When applying for a personal loan, lenders will ask why you need the funds — and your answer matters. While many lenders offer personal loans that can be used for any (legal) purpose, some place restrictions on how funds can be used or adjust rates based on your intended purpose.
Understanding how loan purpose affects your approval odds, loan amount, interest rates and terms can help you get the best possible deal. Here’s what to know before you apply.
Debt consolidation, emergency expenses and home improvement are all common uses for personal loans. However you intend to use your loan, be prepared to disclose your loan purpose to the lender — it’s often a required part of the application process.
The loan purpose matters because the lender needs to determine whether the money will be used for something it allows. Some lenders may have specific restrictions as to what funds can be used for. The purpose of your loan may also impact the amount, interest rate and terms you qualify for.

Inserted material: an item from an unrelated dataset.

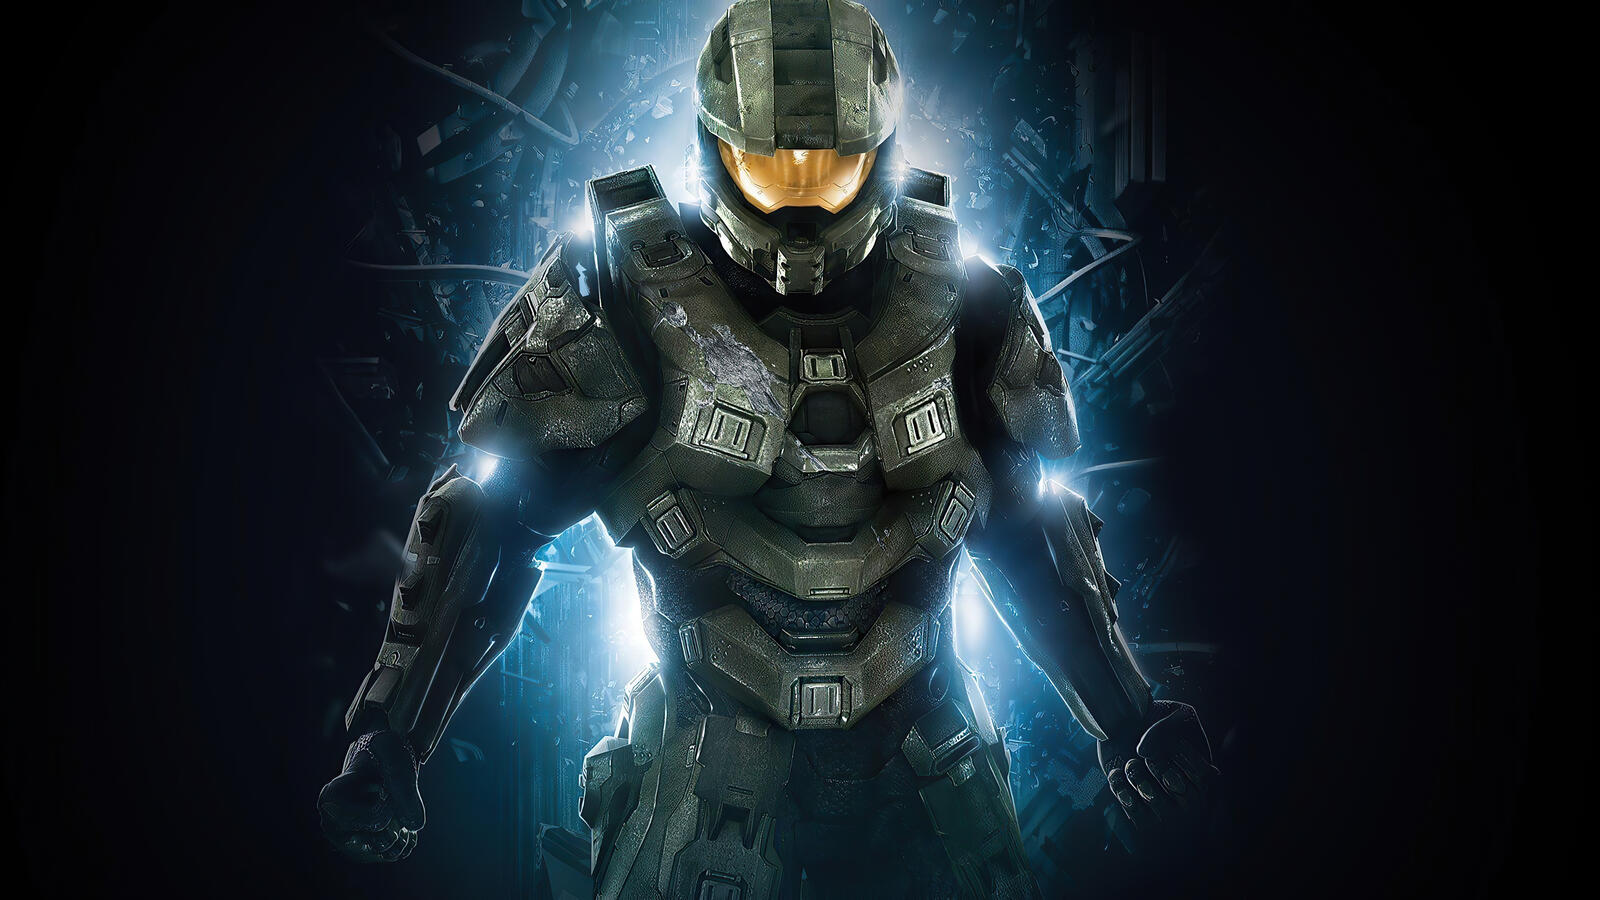 Бесплатное фото Робот из игры Halo

Some lenders only offer loans for specific purposes. For instance, Happy Money specializes in loans for credit card debt consolidation. This can be a problem if you are trying to consolidate other unsecured debts, like a high-interest payday loan. In this case, you’d have to consider another lender.
Your loan purpose may impact the amount you’re allowed to borrow.
While some lenders like LightStream offer loans of up to $100,000, this is typically reserved for major purchases or home improvement projects. If you want to pay for a vacation (or other non-necessity) with your loan, you’re unlikely to qualify for a lender’s maximum amount — even with excellent credit.
Like loan amount, the repayment terms that are available to you may depend on your loan purpose.
For example, LightStream offers terms of up to 12 years for home improvement loans but limits terms to up to seven years for other purposes. Before accepting a loan, review the repayment terms carefully to ensure you can comfortably afford the monthly payments.
When comparing lenders, you will quickly find that interest rates vary significantly. Your personal loan rate will be based on factors like credit score, income, loan amount and term.